━━━ Records provided ━━━
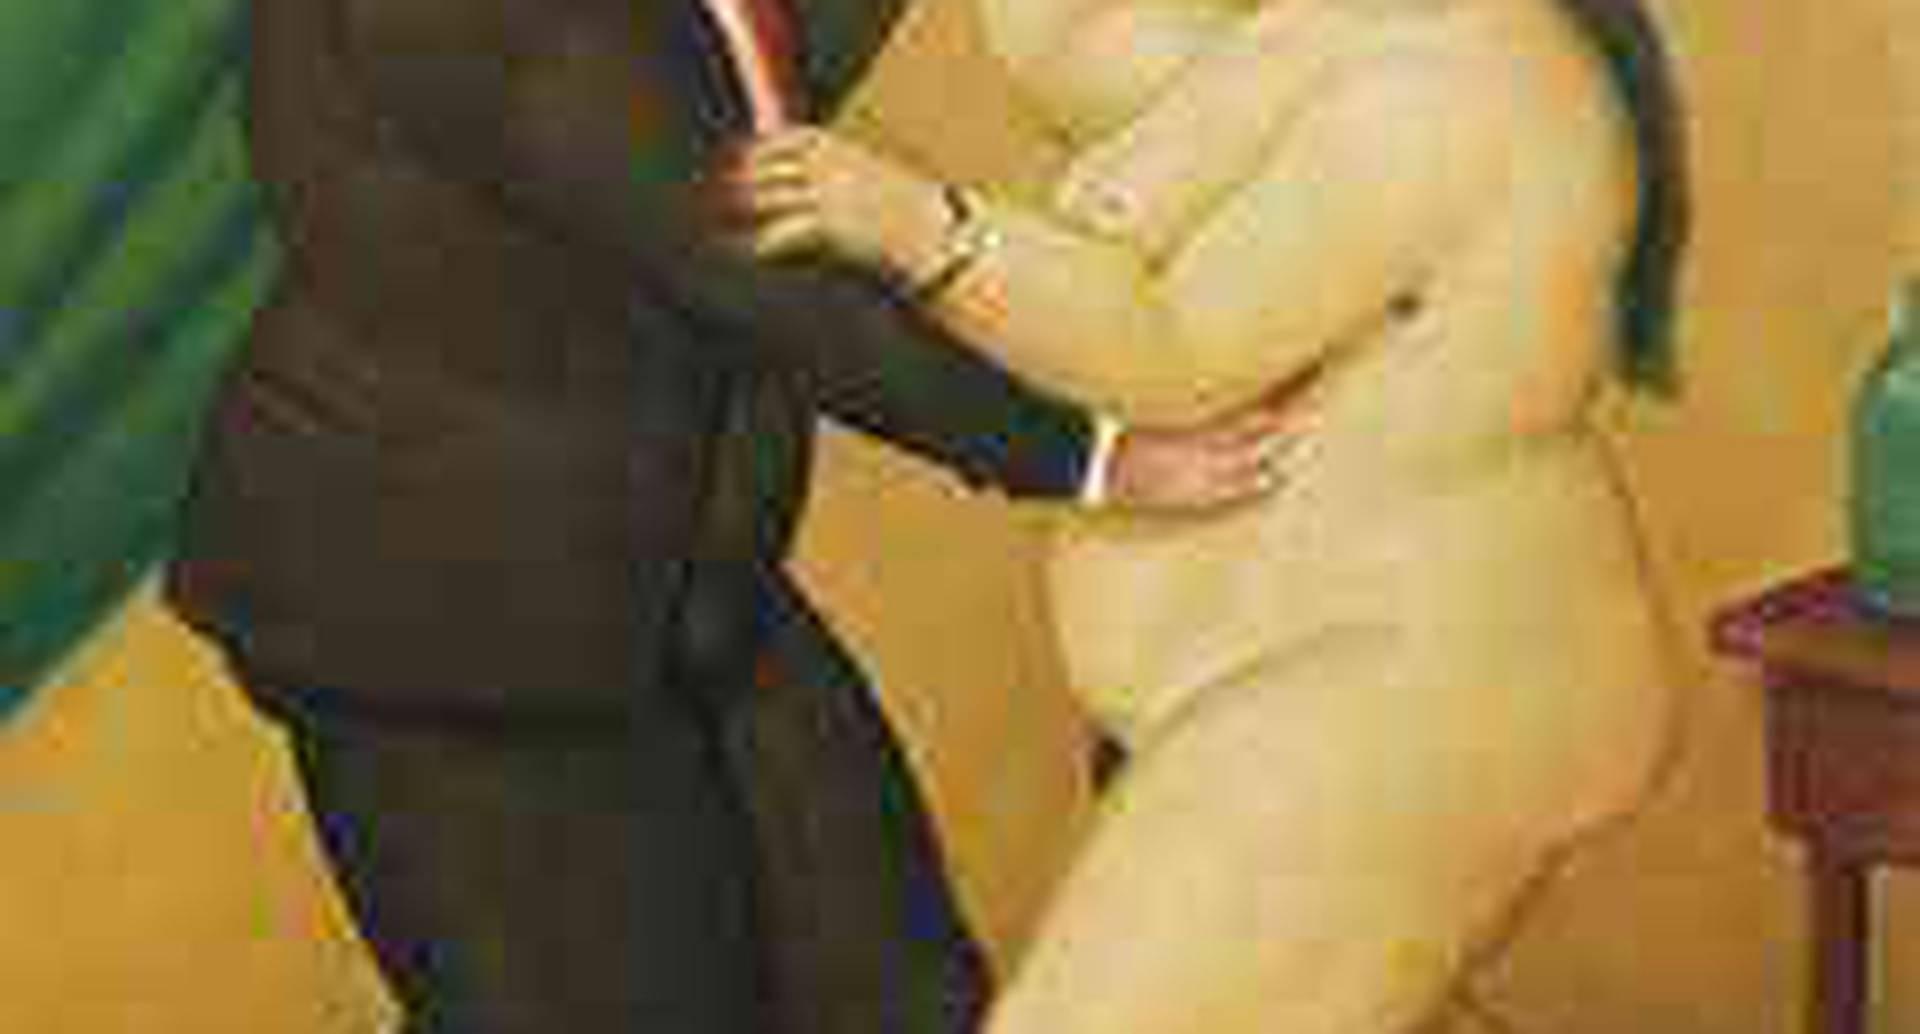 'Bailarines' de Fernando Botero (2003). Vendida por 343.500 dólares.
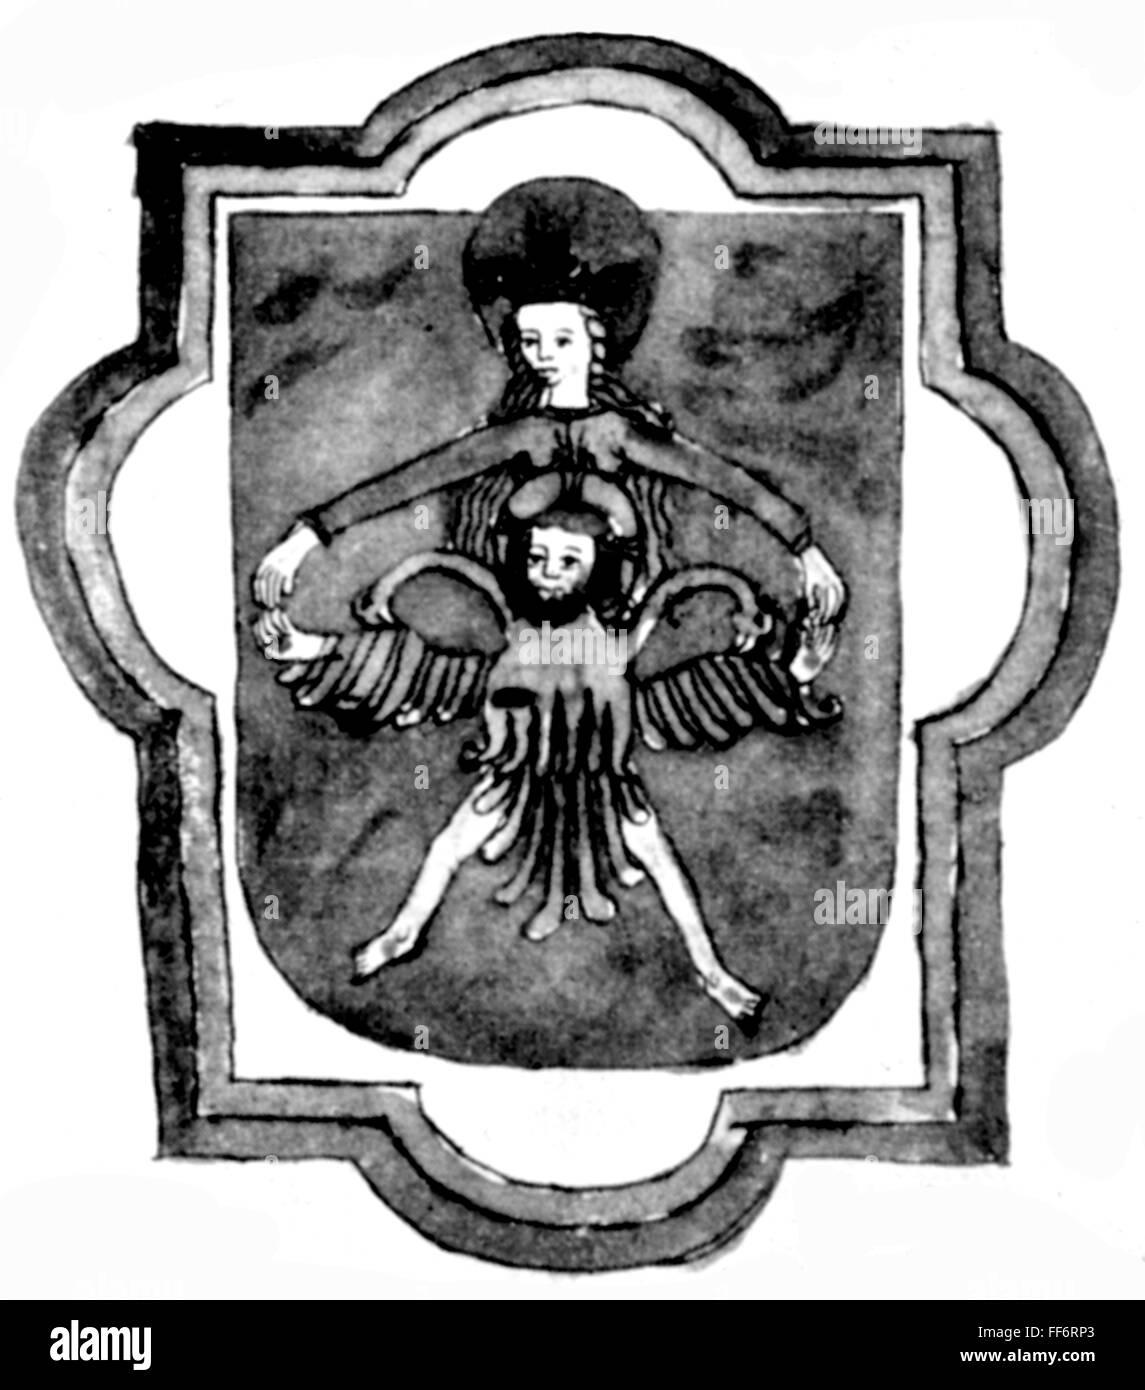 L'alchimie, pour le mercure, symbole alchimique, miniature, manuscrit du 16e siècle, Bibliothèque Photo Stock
━━━
━━━ Records provided ━━━
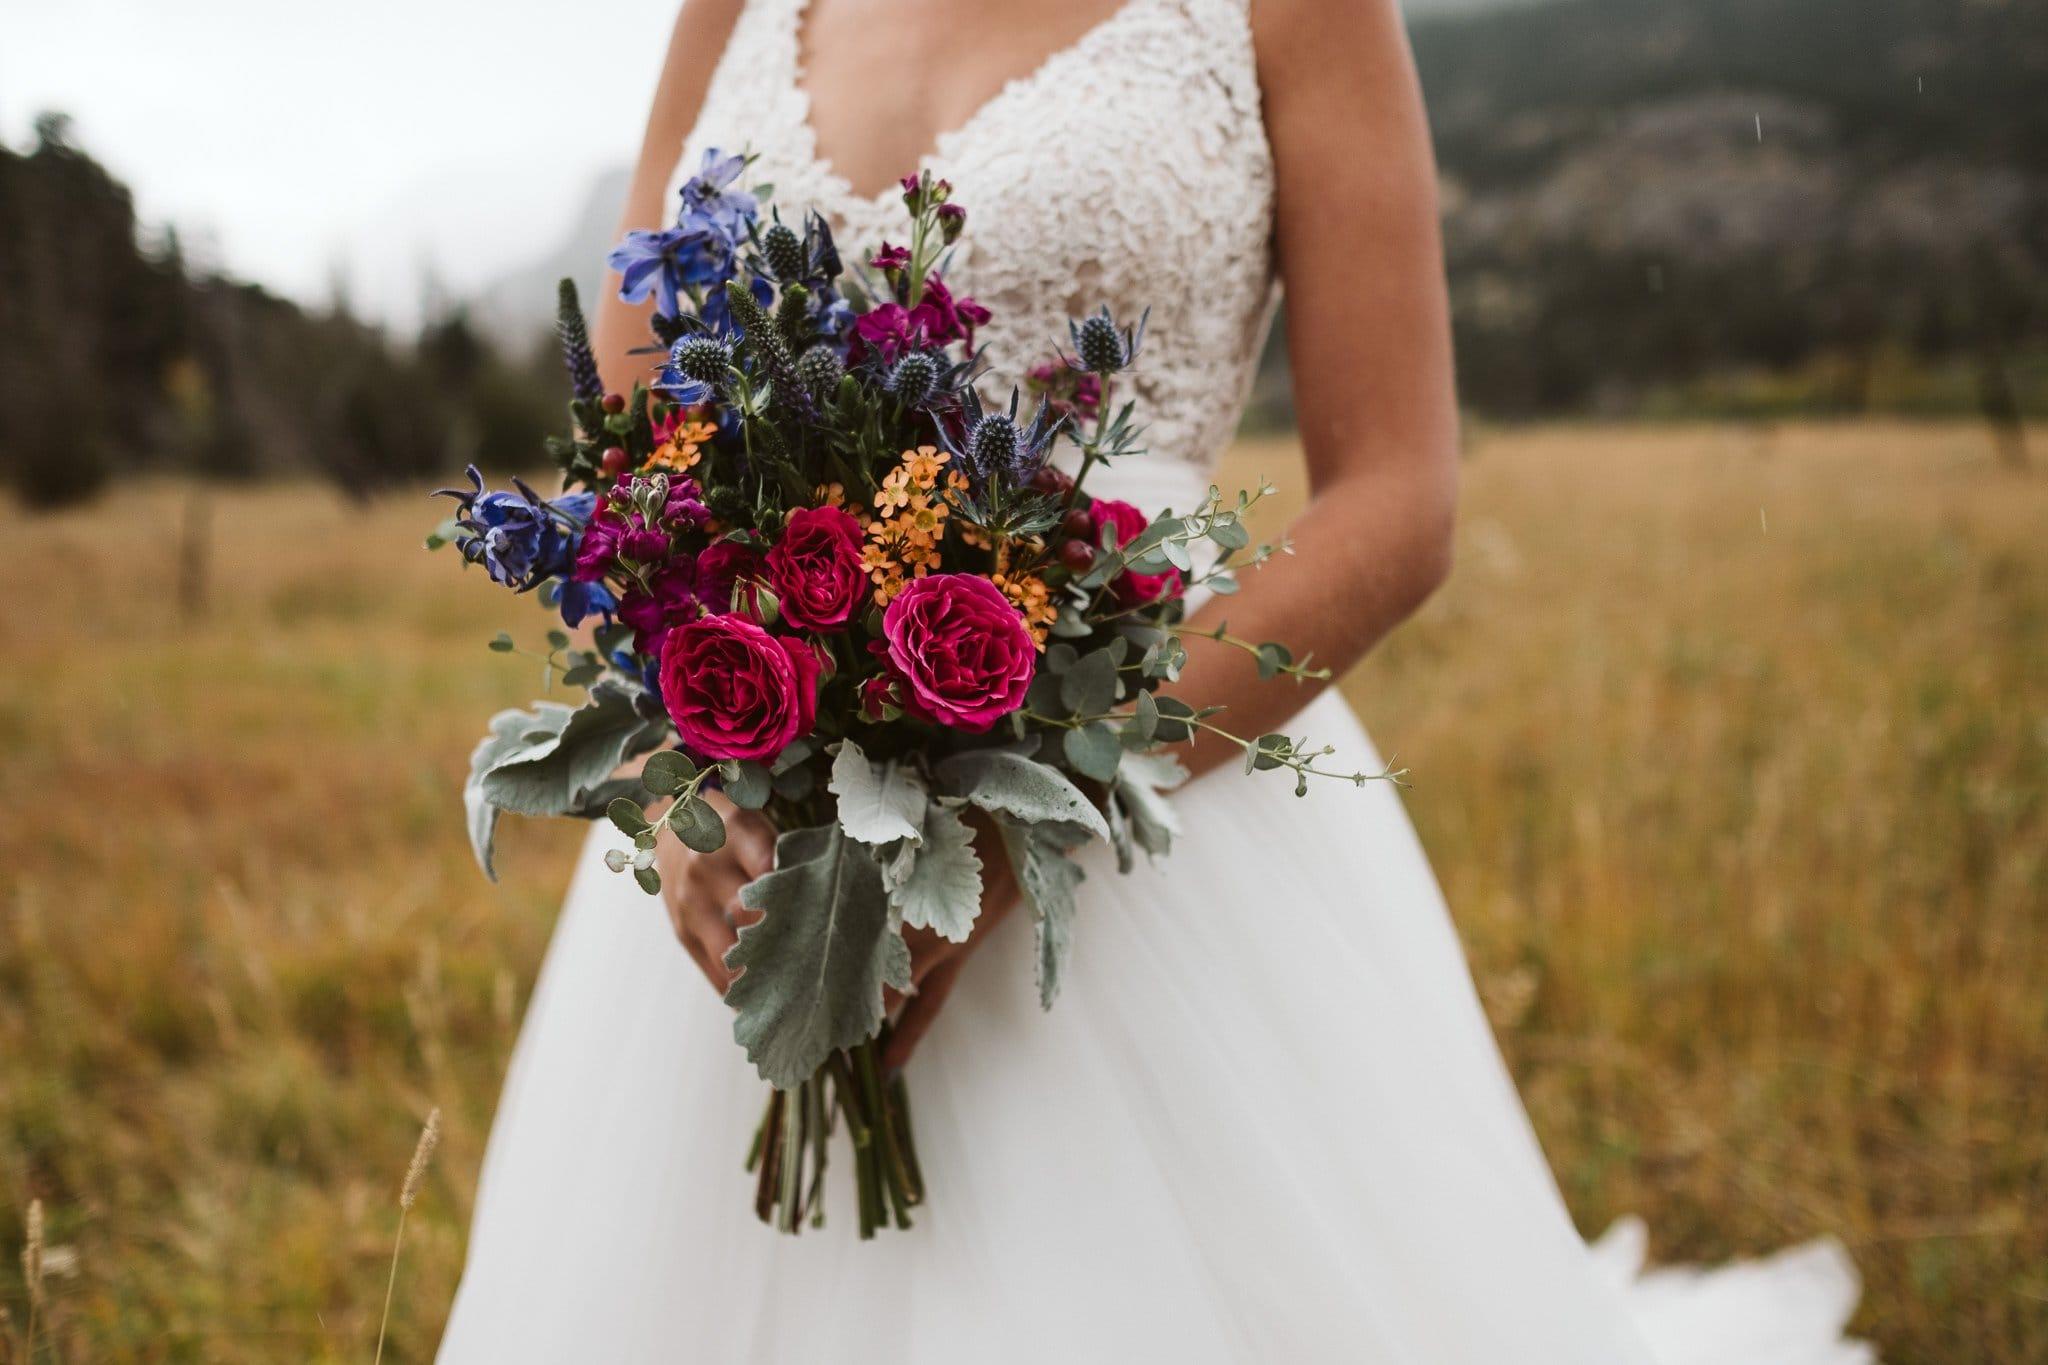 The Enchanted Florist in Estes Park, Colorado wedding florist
━━━
━━━ Records provided ━━━
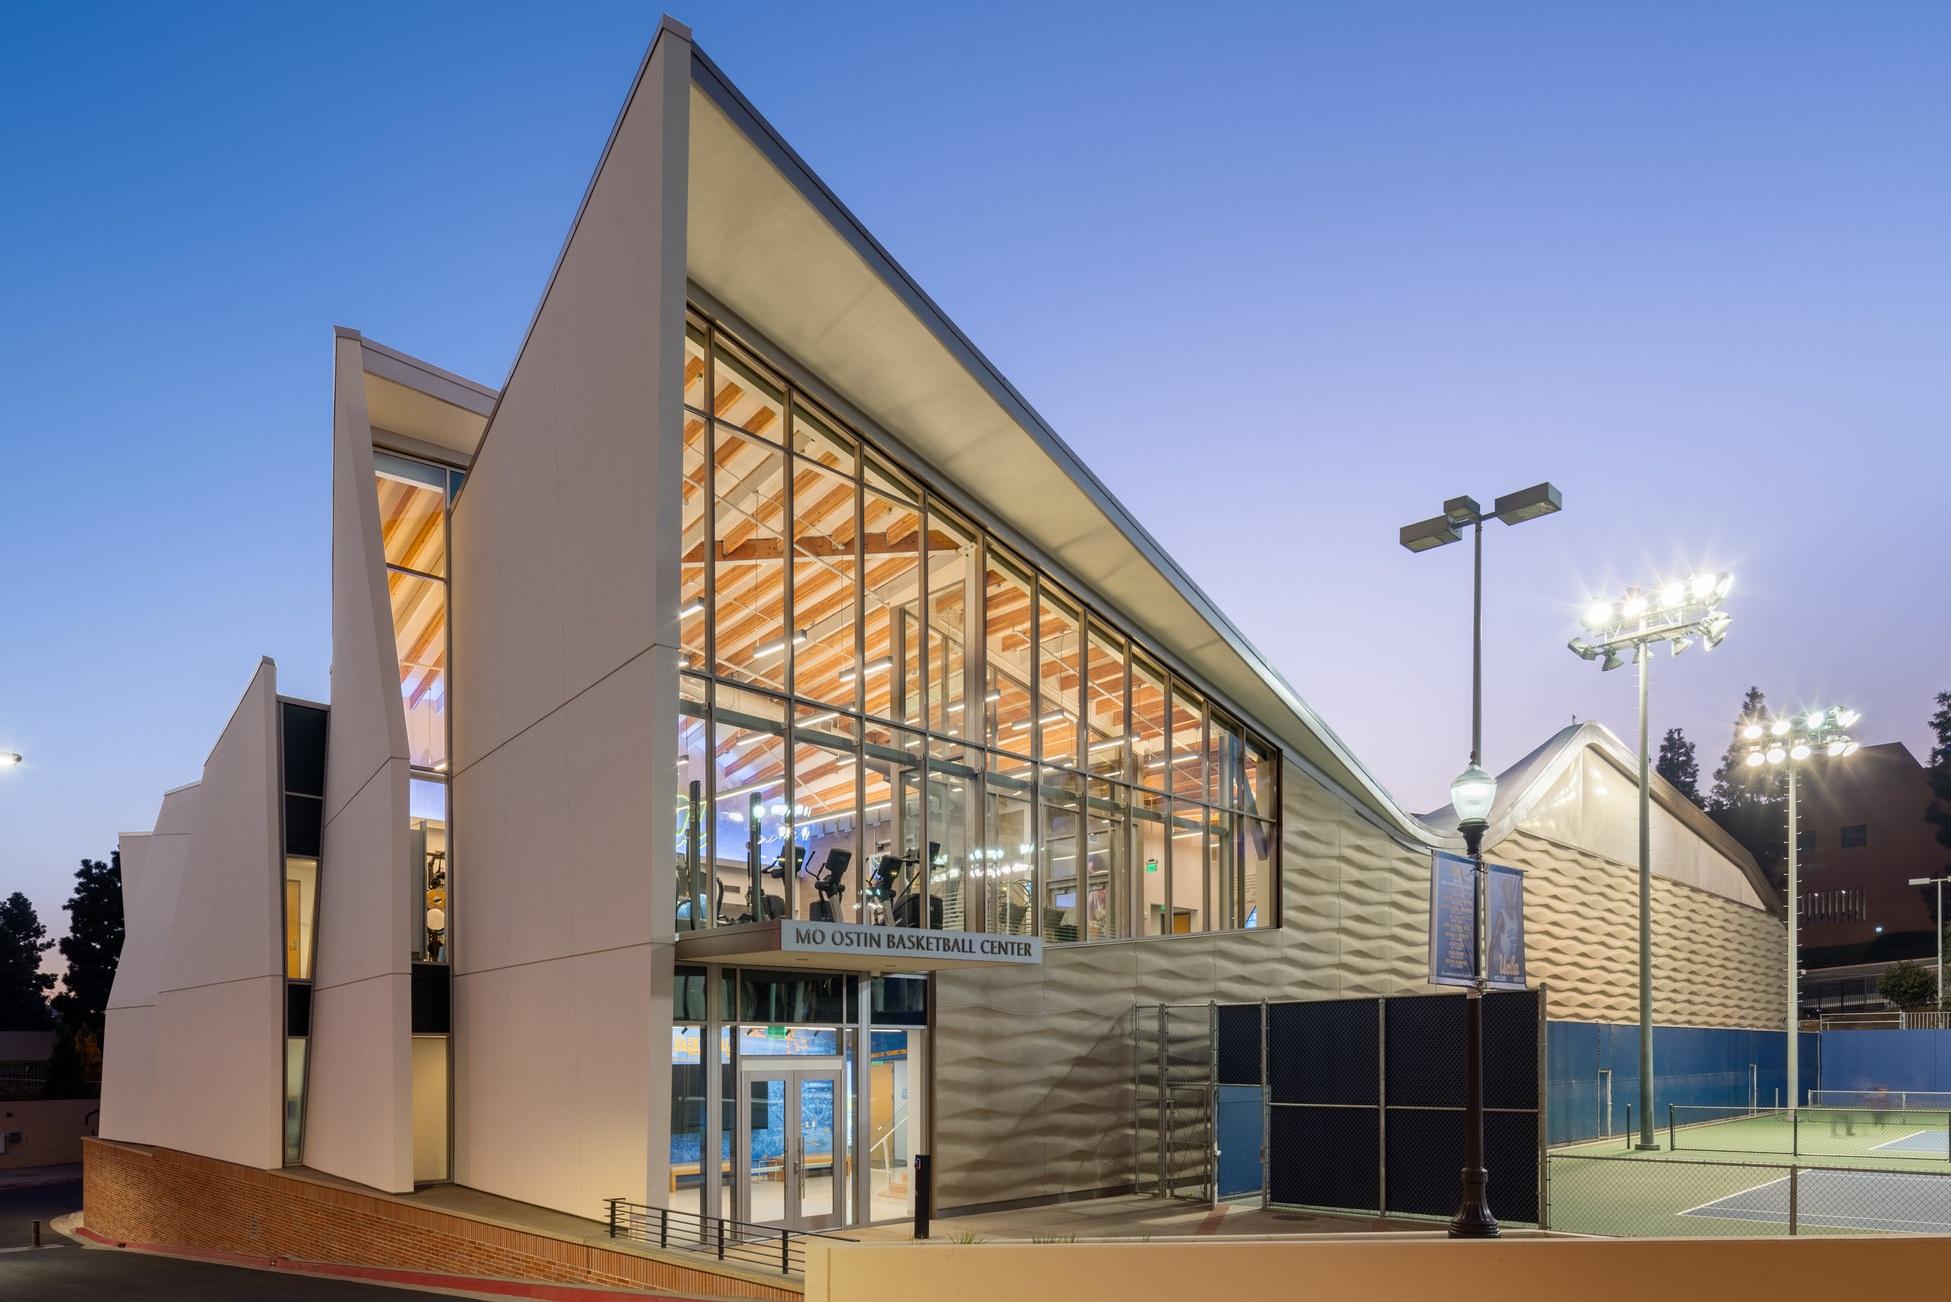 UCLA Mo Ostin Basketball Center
━━━
> _Problem statement_:
Return only the part above that opens with the line containing "por 343.500 dólares." and closes with the line containing "L'alchimie, pour le", exactly and with both ends, skipping the pictures.

> _Written answer_:
 'Bailarines' de Fernando Botero (2003). Vendida por 343.500 dólares.
 L'alchimie, pour le mercure, symbole alchimique, miniature, manuscrit du 16e siècle, Bibliothèque Photo Stock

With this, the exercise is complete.